### U-gates

• The U3-gate is the most general of all single-qubit quantum gates. It is a parametrised gate of the form:

$$U_3(\theta, \phi, \lambda) = \left( \begin{array}{cc} \cos(\theta/2) & -e^{i\lambda}\sin(\theta/2) \\ e^{i\phi}\sin(\theta/2) & e^{i\lambda+i\phi}\cos(\theta/2) \end{array}\right)$$

• Qiskit provides U2 and U1-gates, which are specific cases of the U3 gate in which $$\theta = \tfrac{\pi}{2}$$, and $$\theta = \phi = 0$$ respectively.
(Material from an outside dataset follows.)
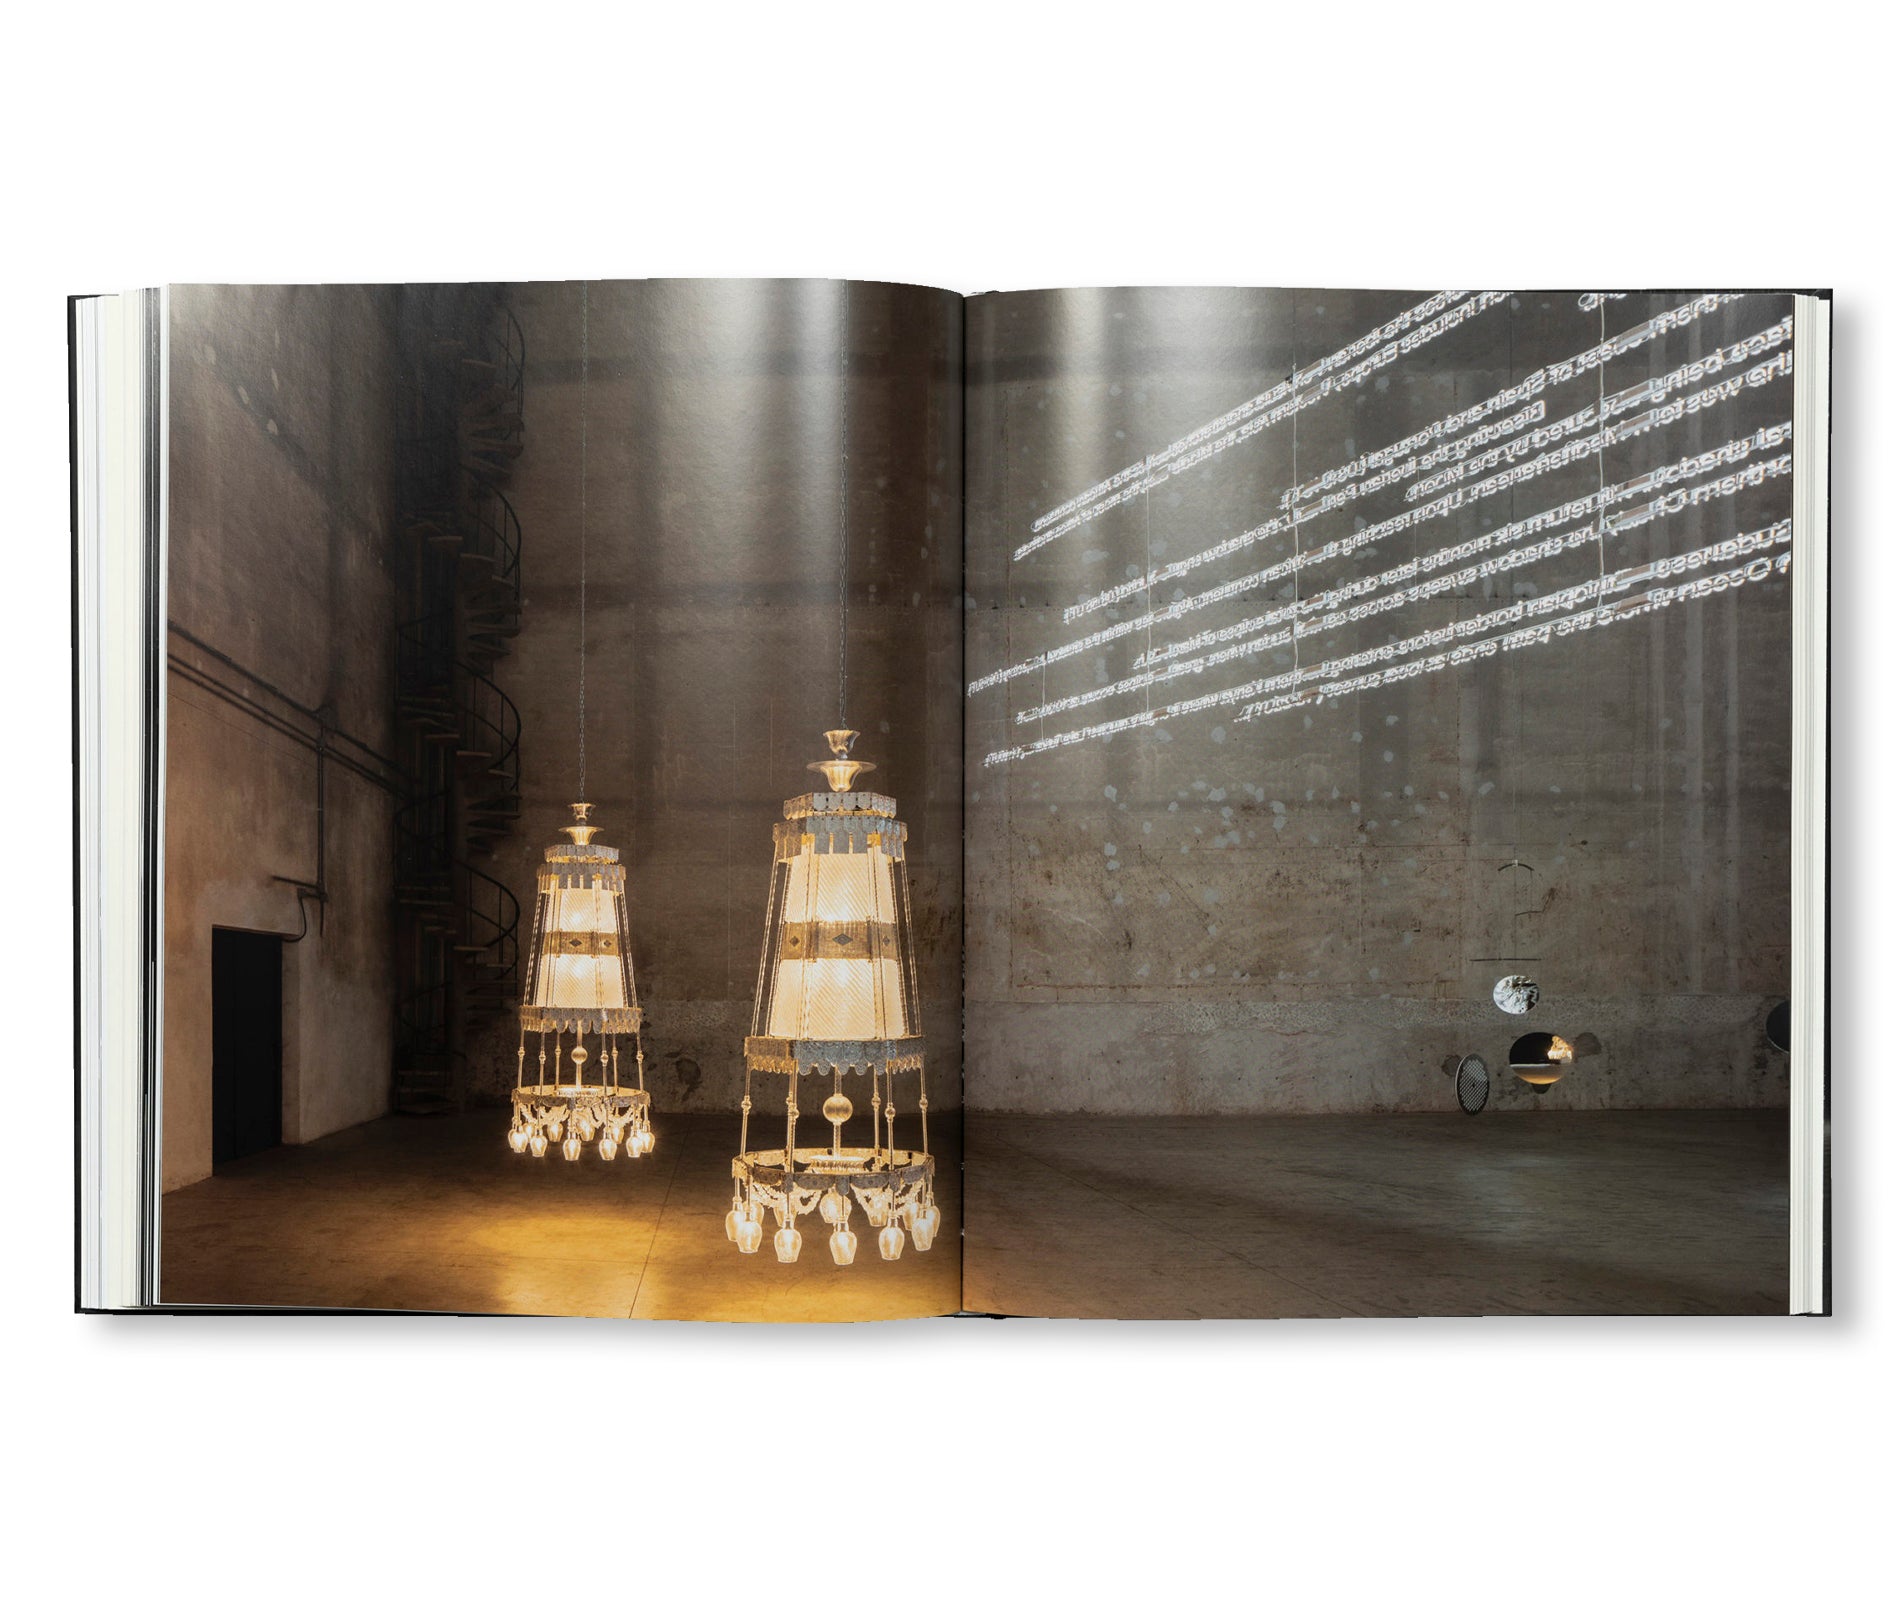 THE ILLUMINATING GAS by Cerith Wyn Evans
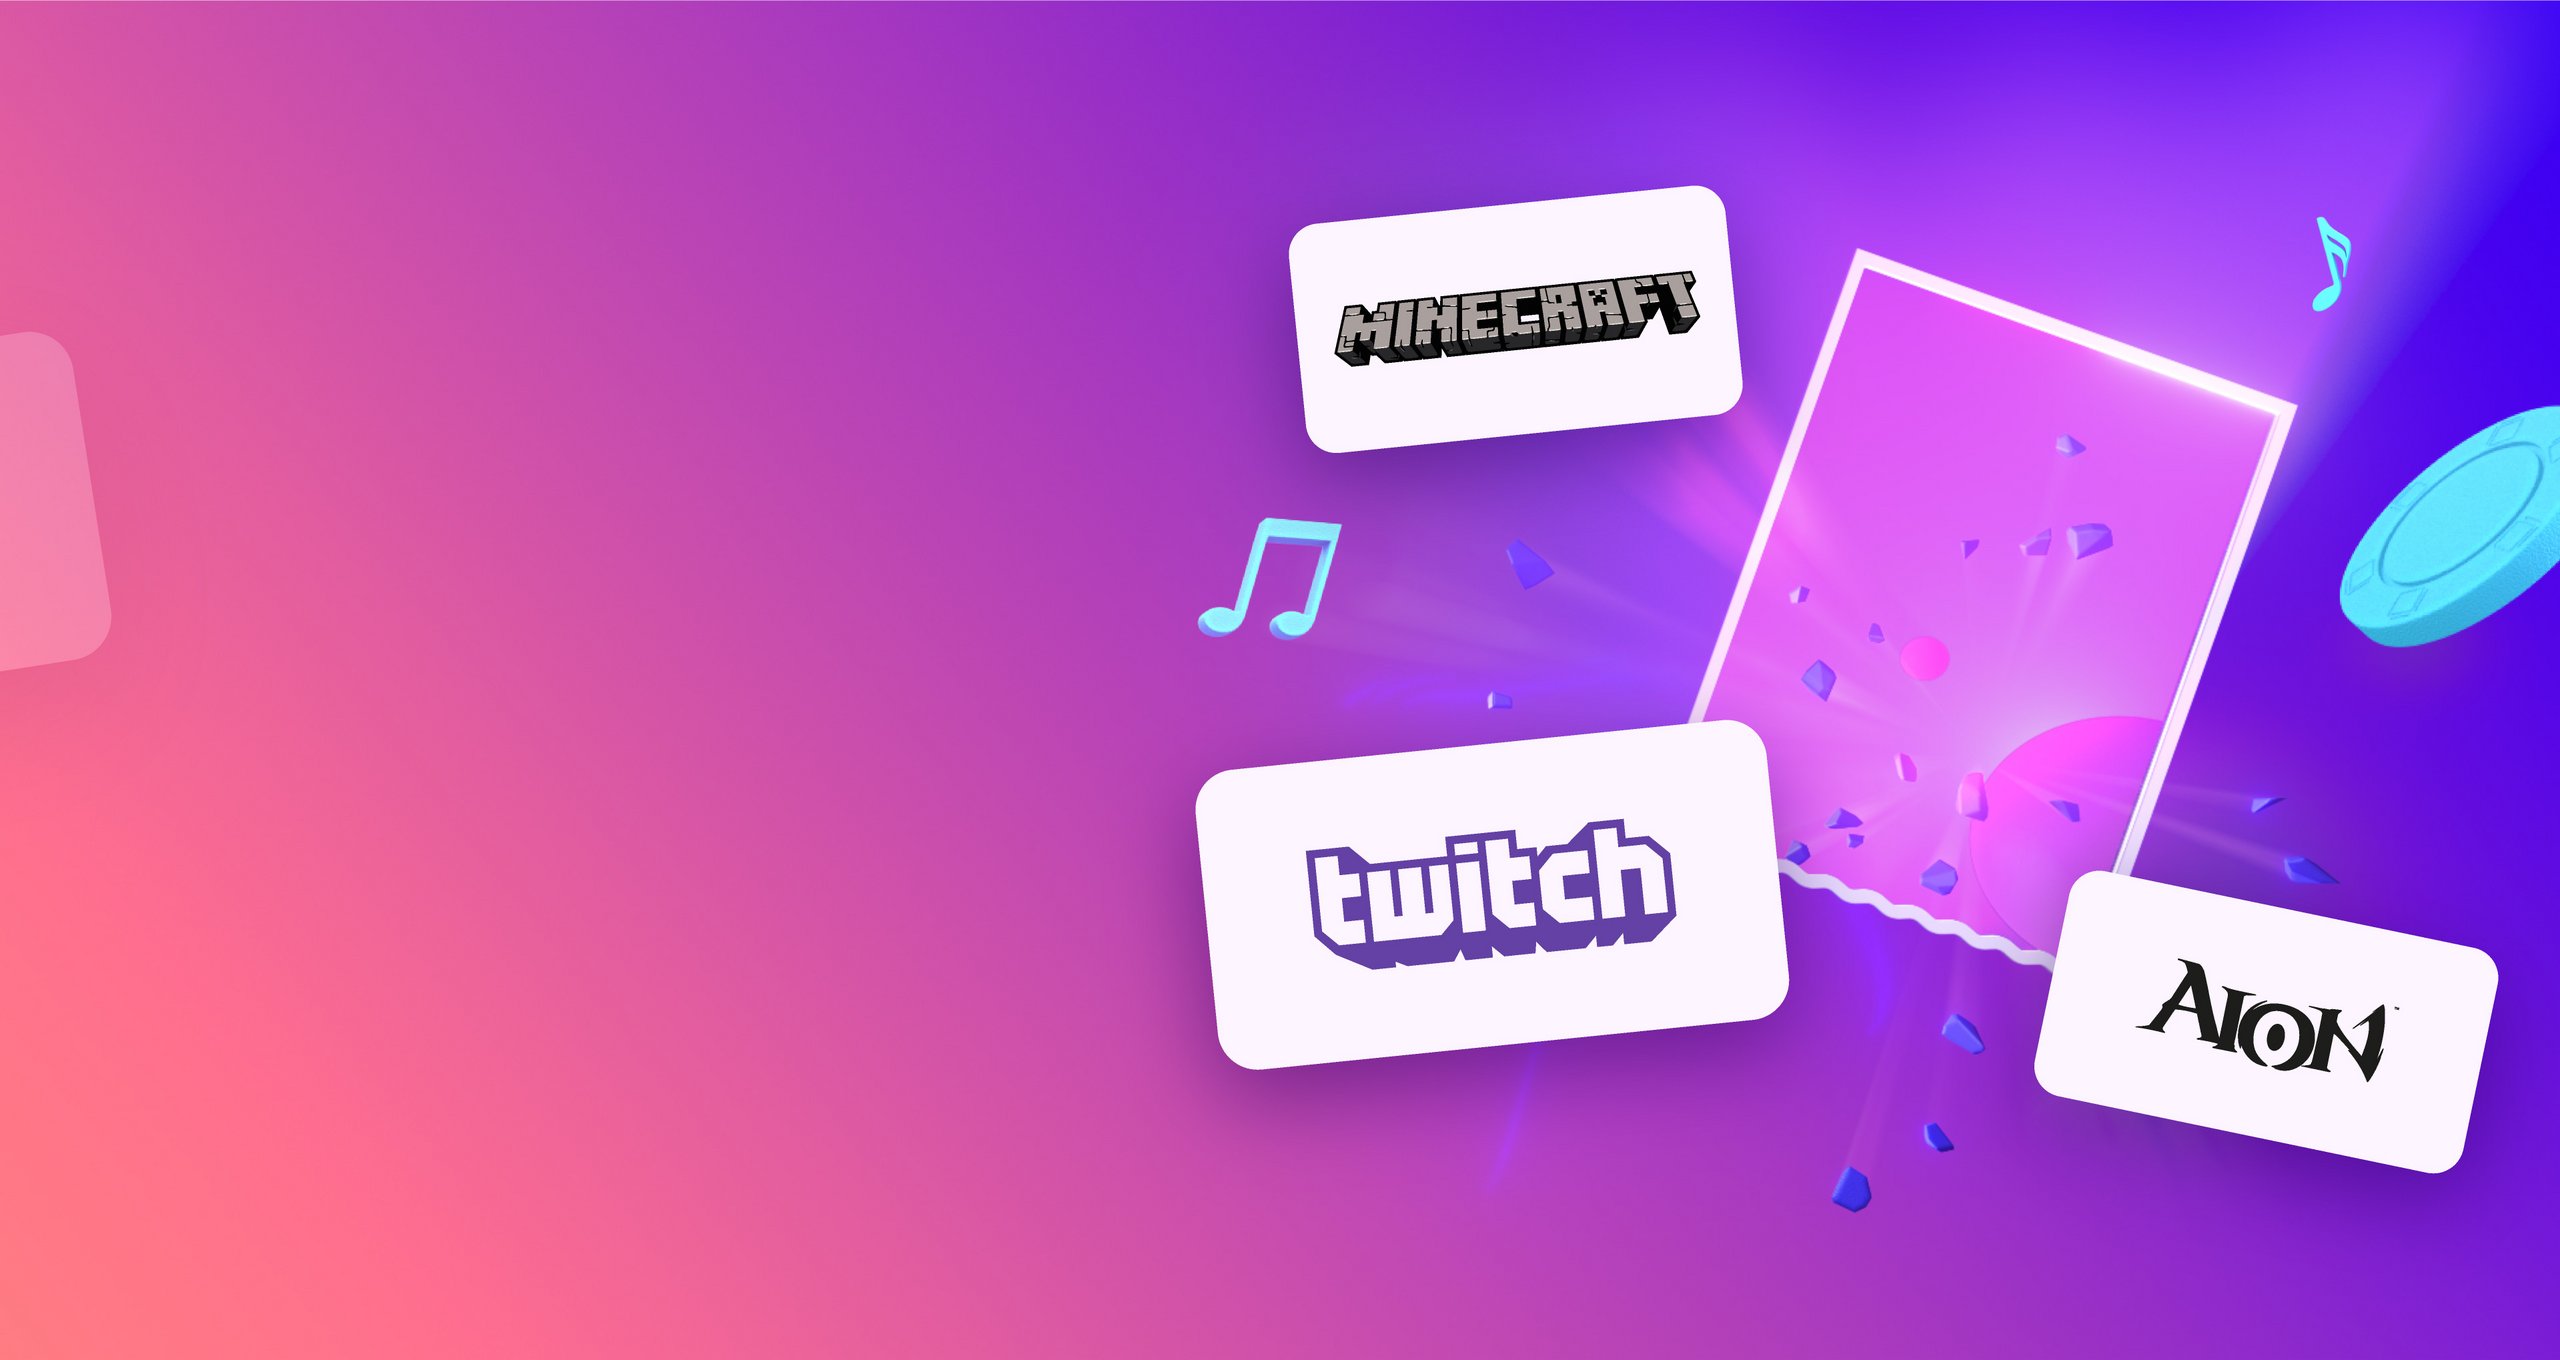 Minecraft, Twitch and AION logos on the purple background

You will notice that the U1-gate is equivalent to the Rϕ-gate.

$$U_3(\tfrac{\pi}{2}, \phi, \lambda) = U_2 = \frac{1}{\sqrt{2}} \left( \begin{array}{cc} 1 & -e^{i\lambda} \\ e^{i\phi} & e^{i\lambda+i\phi} \end{array}\right);$$

$$U_3(0, 0, \lambda) = U_1 = \left( \begin{array}{cc} 1 & 0 \\ 0 & e^{i \lambda} \end{array} \right)$$

• $$R_x,R_y, R_z$$ gates are special case of $U_3$ gate.
%matplotlib inline
import numpy as np
import IPython
import matplotlib.pyplot as plt
from qiskit import QuantumCircuit
from qiskit import BasicAer
from qiskit.tools.jupyter import *
from qiskit.visualization import *
import seaborn as sns
sns.set()

from helper import *
import os
import glob
import moviepy.editor as mpy


#### U Gate (1 qubit)

Lets apply $$\theta = \pi/3, \phi = pi/3 , \lambda = pi/3$$ to a single qubit through $$U_3$$ gate. We can se the rotation in bloch sphere.

qc = QuantumCircuit(1)
qc.u3(np.pi/3,np.pi/3,np.pi/3,0)
style = {'backgroundcolor': 'lavender'}
qc.draw(output='mpl', style = style) • Single qubit state vector
backend = BasicAer.get_backend('statevector_simulator')
job = execute(qc,backend).result()
vec1 = job.get_statevector(qc)
vec1

array([0.8660254+0.j       , 0.25     +0.4330127j])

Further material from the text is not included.